Penelitian ini menemukan kekerasan pada anak hampir universal, dan berdampak pada 1,7 miliar anak-anak selama setahun. Kekerasan yang dimaksud termasuk perisakan atau bullying atau perkelahian, pelecehan seksual, hukuman fisik di rumah dan sekolah dan kekerasan seksual.
Penelitian ini fokus pada kekerasan antara pelaku dan anak. Para peneliti tidak mengikutsertakan kekerasan dalam perang atau kejadian-kejadian lain. Dibutuhkan waktu lebih dari tiga tahun untuk mendokumentasikan skala kekerasan yang dialami jutaan anak di seluruh dunia.
Penelitian tersebut juga menjajaki strategi untuk mengakhiri kekerasan tersebut.

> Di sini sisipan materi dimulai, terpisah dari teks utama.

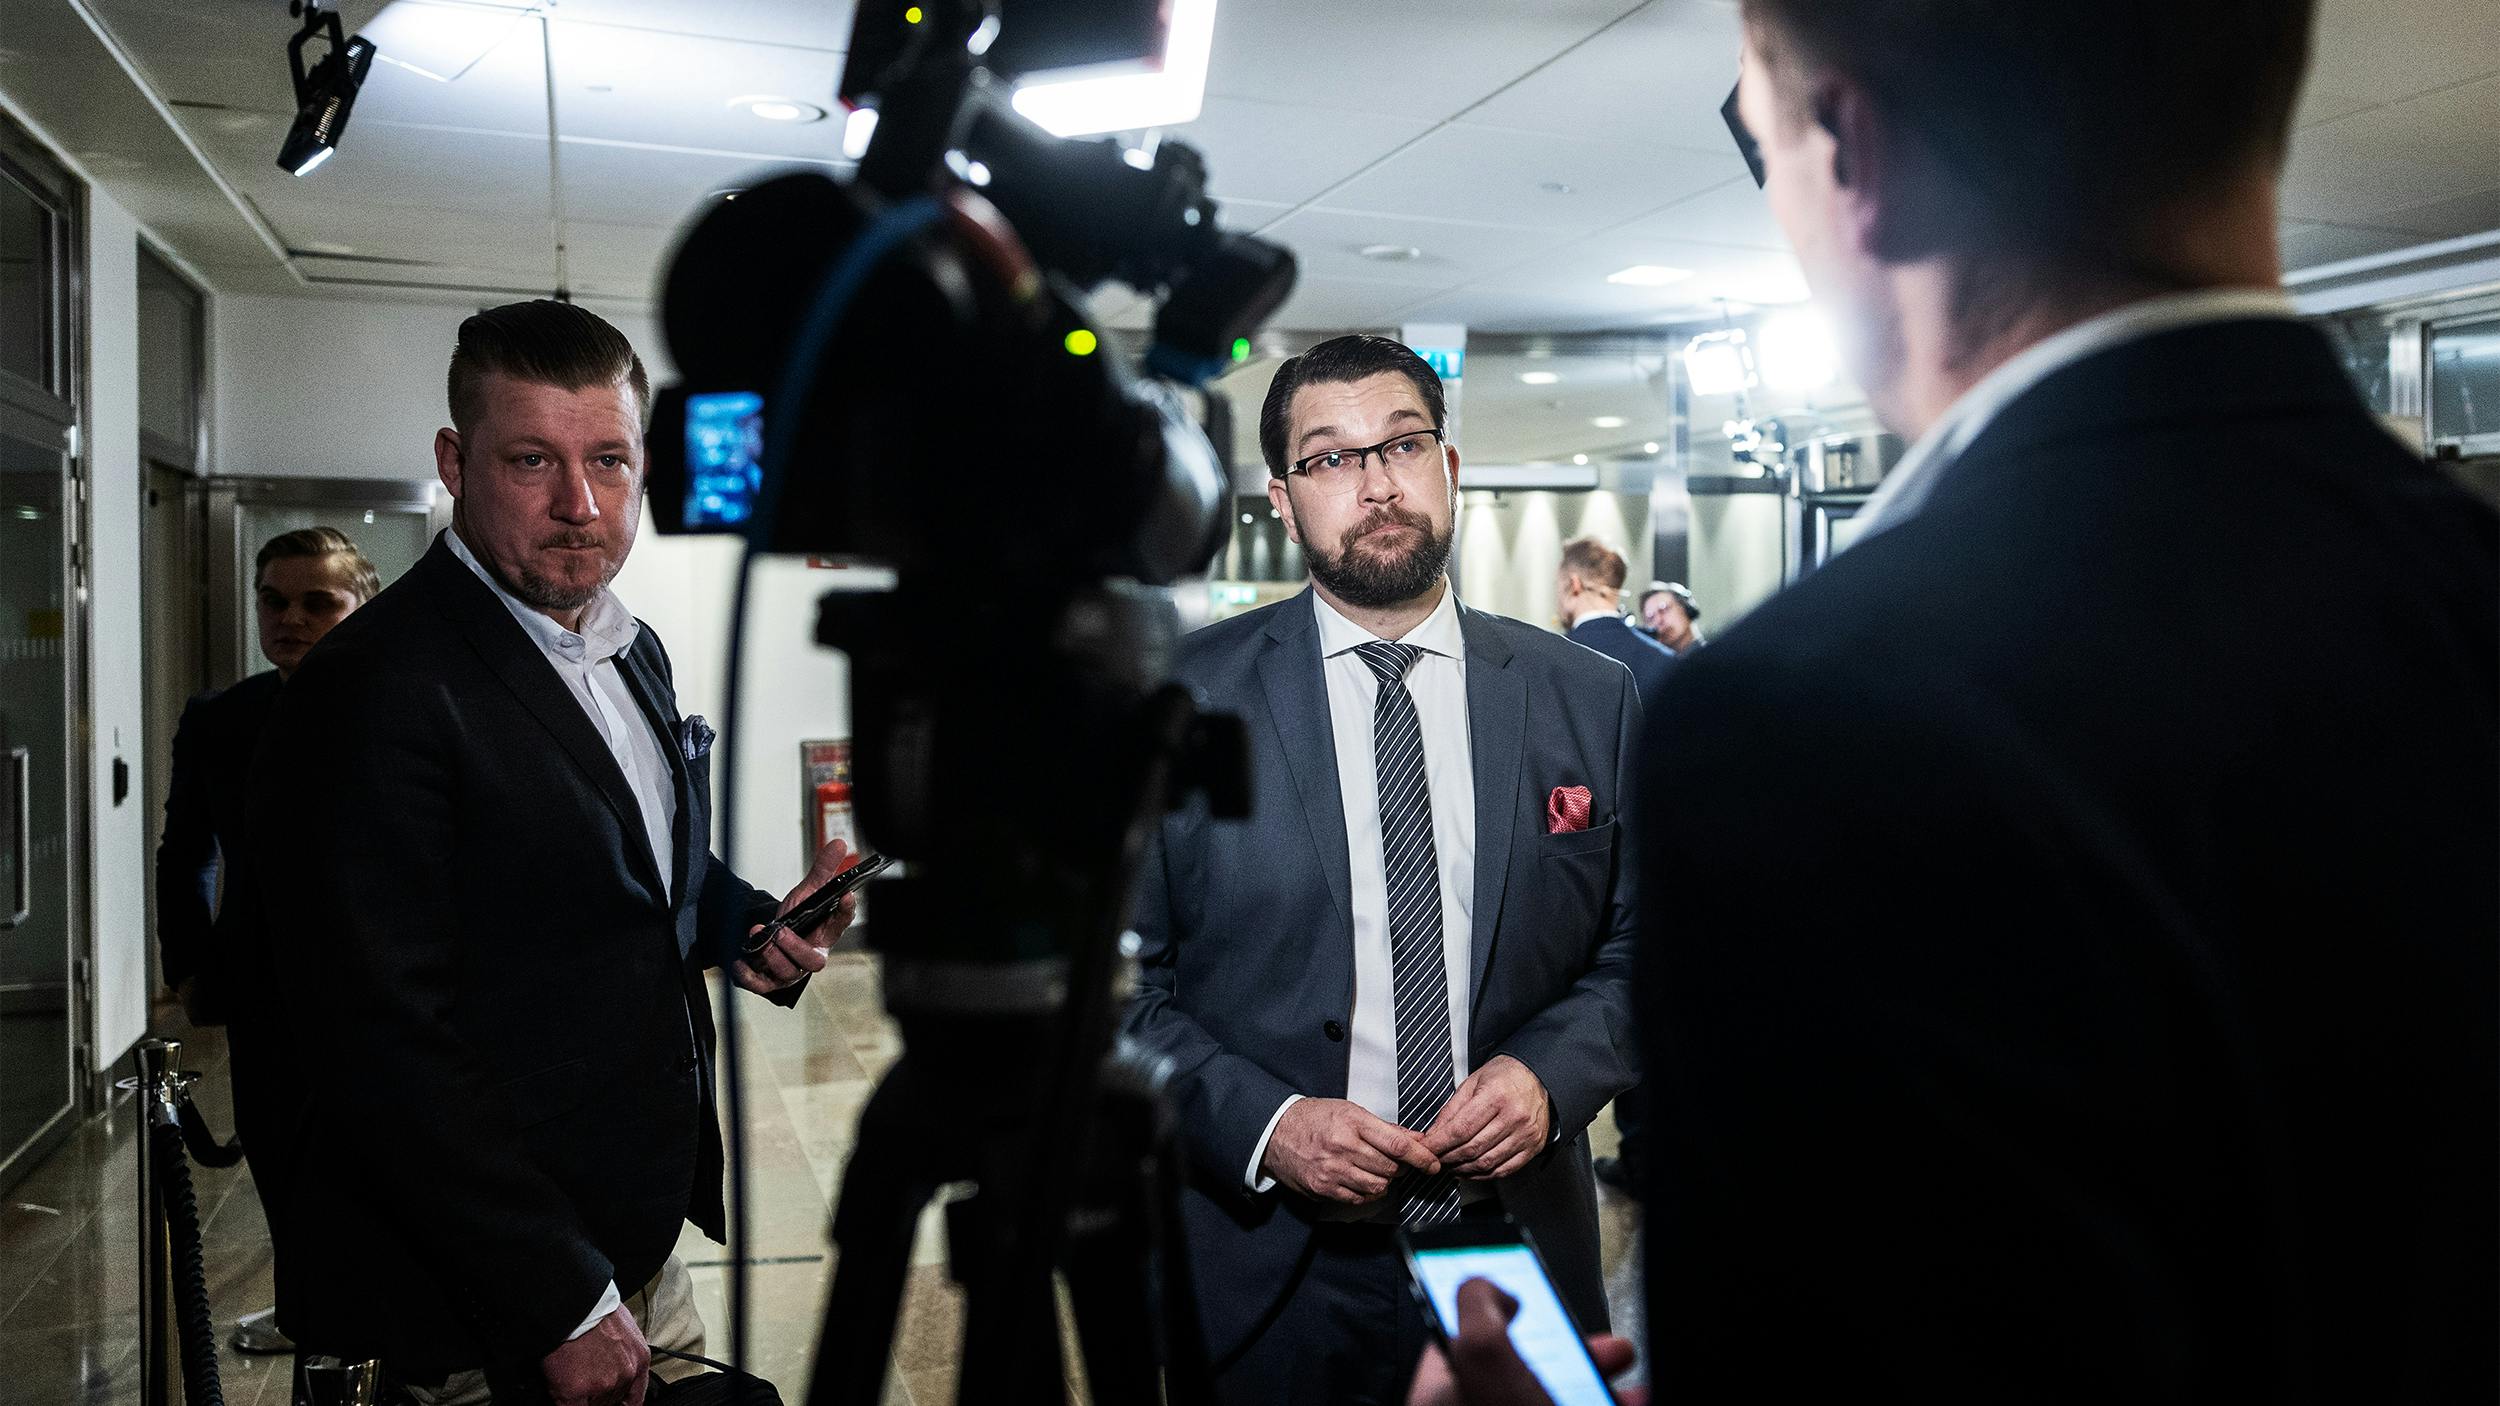 Der Chef der schwedischen Rechtsaußen-Partei, Jimmie Akesson, wird interviewt. Eine Fernsehkamera filmt ihn.

Rayma Subrahmanian, direktur eksekutif Know Violence in Childhood, mengatakan anak-anak terpapar hukuman emosional dan fisik bahkan sejak berumur 2 tahun.
Subrahmanian mengatakan kekerasan adalah perilaku yang dipelajari, berakar pada norma budaya yang dalam. Di beberapa masyarakat, pemukulan adalah bentuk disiplin.
Anak-anak yang juga korban kekerasan seringkali bukan hanya langsung merasakan akibat kekerasan, tapi juga mengalami masalah kesehatan fisik dan mental seumur hidupnya - antara lain ketakutan, gangguan stres akibat trauma, depresi atau gangguan keterikatan. Pada usia remaja, anak laki-laki lebih rentan terlibat dalam kasus pembunuhan dan bunuh diri. Anak perempuan lebih rentan mengalami kekerasan seksual.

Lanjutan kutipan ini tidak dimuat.